This code generates the signals (I think properly?):

import numpy as np
import matplotlib.pyplot as plt

# Recording/positioning properties of the array
sample_rate = 16000
N = 10000  # number of samples to simulate
radius = 0.0463 
num_mics = 6

# Microphone positions in a circular array
theta_mics = np.linspace(0, 2 * np.pi, num_mics, endpoint=False)
mic_positions = radius * np.exp(1j * theta_mics)

# Find microphone angles
angles_deg = np.linspace(0, 360, num_mics, endpoint=False)  # Angles for each microphone
angles_rad = np.deg2rad(angles_deg)

# Create tone
t = np.arange(N) / sample_rate
f_tone = 2000
tx = np.exp(2j * np.pi * f_tone * t).reshape(1,-1)
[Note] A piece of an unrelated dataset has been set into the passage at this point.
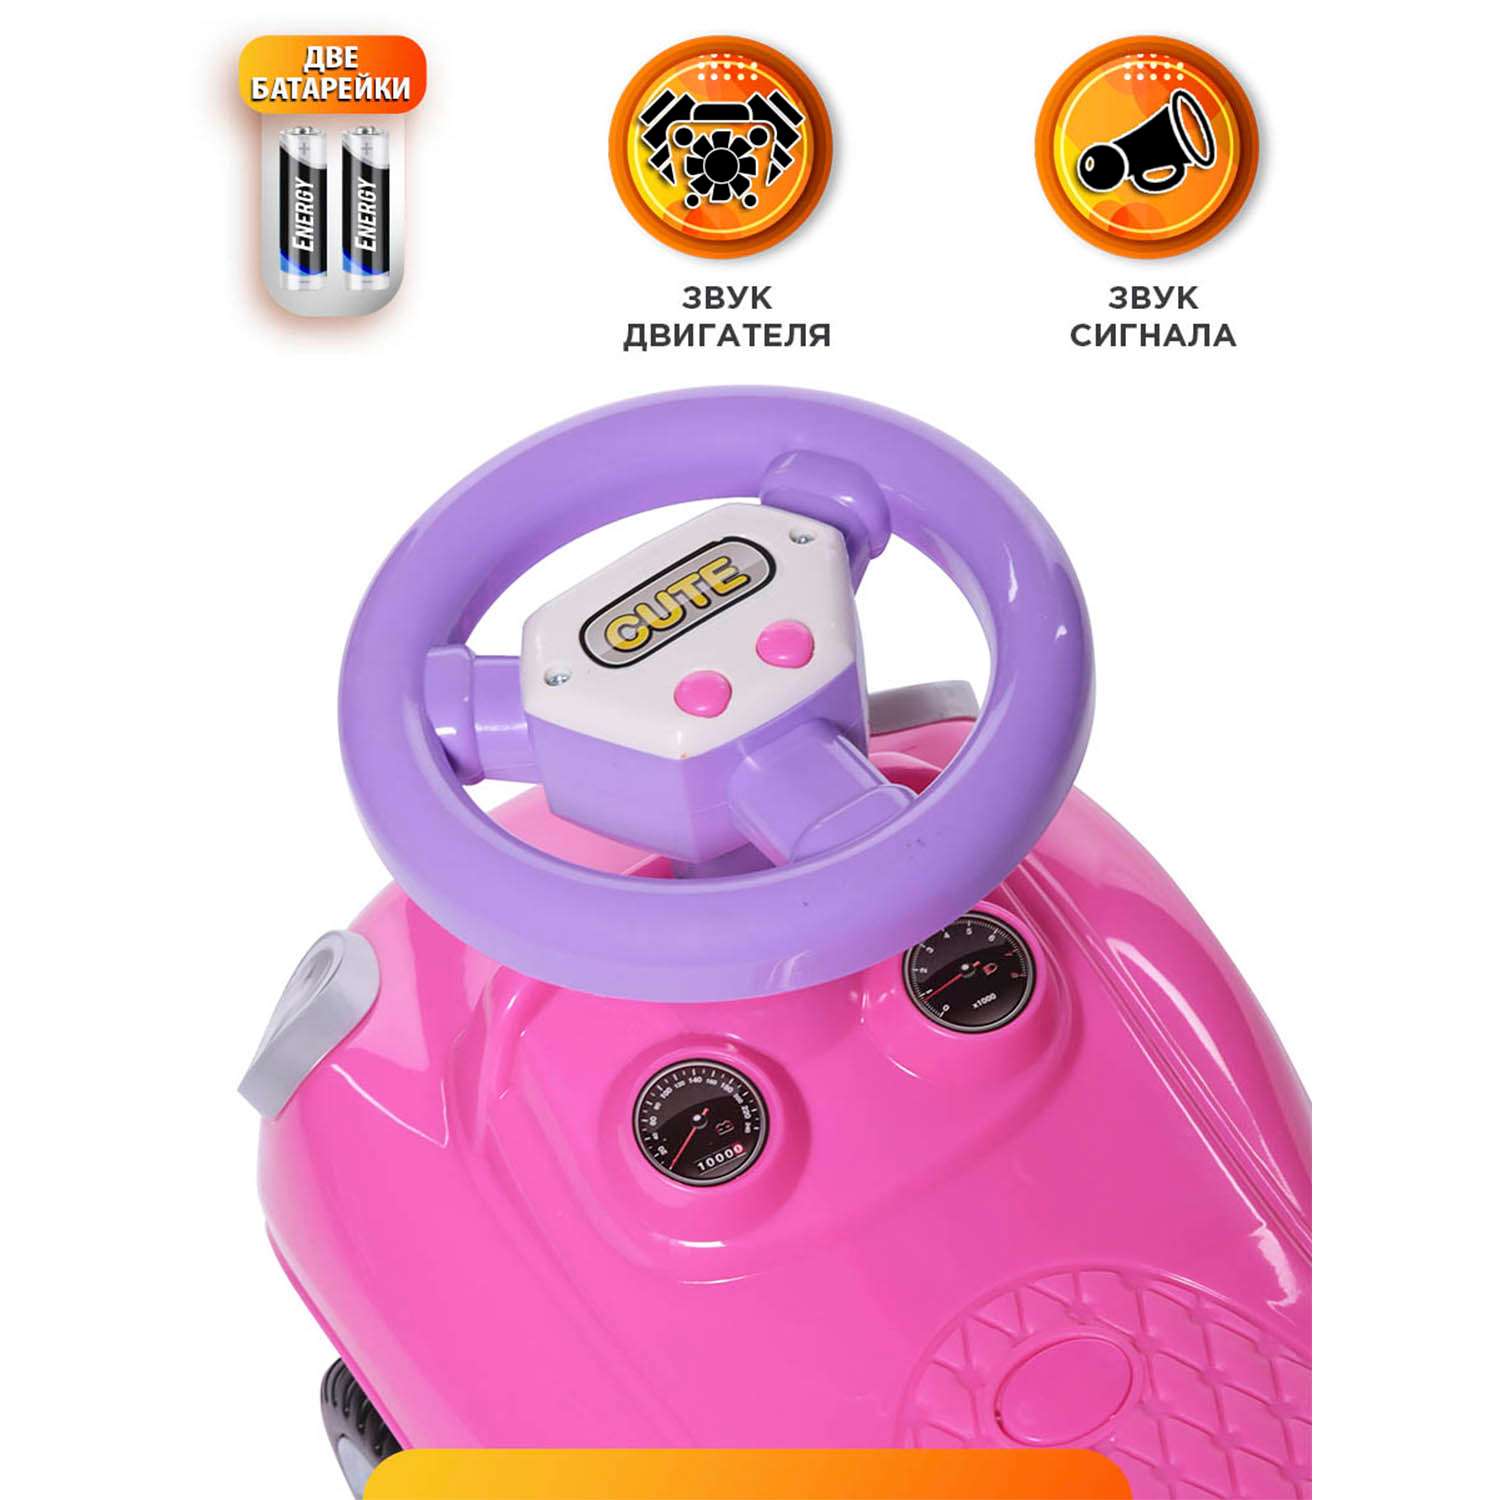 Каталка BabyCare Speedrunner музыкальный руль розовый - фото 5

# Define onset angles - here we're using just 1 
theta_deg = 45
theta1 = np.deg2rad(theta_deg)  # convert to radians

# Compute phase shifts for each microphone
phase_shifts = np.exp(-2j * np.pi * radius * np.sin(angles_rad - theta1))

# Construct signal vector
s1 = phase_shifts.reshape(-1, 1) 

# Combine for a single tone
r = s1 @ tx

# Add noise
n = np.random.randn(num_mics, N) + 1j*np.random.randn(num_mics, N)
r = r + 0.05*n

Plotting the signals looks like: signal at each mic

Then I'm using MUSIC to beamform the signal, and this is the code I've tried for that:

# For the MUSIC analysis
num_expected_signals = 1    

# Construct the covariance matrix 
R = r @ r.conj().T 

# Do eigenvalue decomposition
w, v = np.linalg.eig(R)

# Find and sort first order of magnitude of eigenvalues
eig_val_order = np.argsort(np.abs(w))
v = v[:, eig_val_order]

# Noise subspace is the rest of the eigenvalues
V = np.zeros((num_mics, num_mics - num_expected_signals), dtype=np.complex64) 
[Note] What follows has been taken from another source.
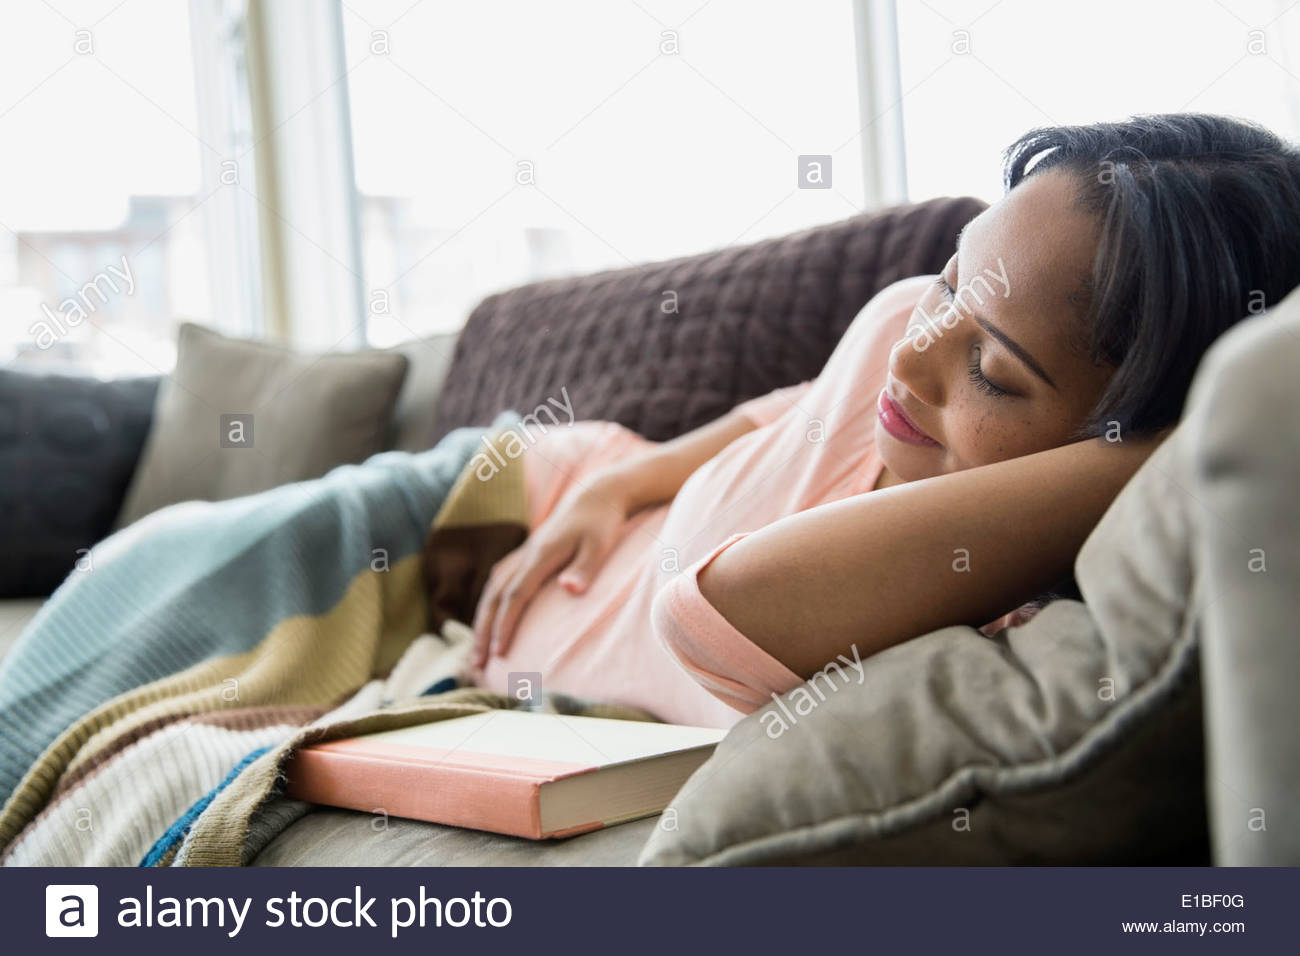 Pregnant woman sleeping on sofa Stock Photo

for i in range(num_mics - num_expected_signals):
    V[:, i] = v[:, i]


# Perform MUSIC analysis
# between -180 and +180
theta_scan = np.linspace(-1*np.pi, np.pi, 1000)

results = []

for theta_i in theta_scan:
    s = np.exp(-2j * np.pi * np.arange(num_mics) * np.sin(theta_i)).reshape(-1, 1)
    metric = 1 / (s.conj().T @ V @ V.conj().T @ s) 
    metric = np.abs(metric.squeeze())
    metric = 10 * np.log10(metric)
    results.append(metric)
results -= np.max(results)

Which gives the following beam pattern. I know experimentally that the array can localise this kind of signal with high accuracy, so the additional lobes here feel incorrect.

Beam pattern with 4 major lobes

Glad to hear pointers on any part of the code !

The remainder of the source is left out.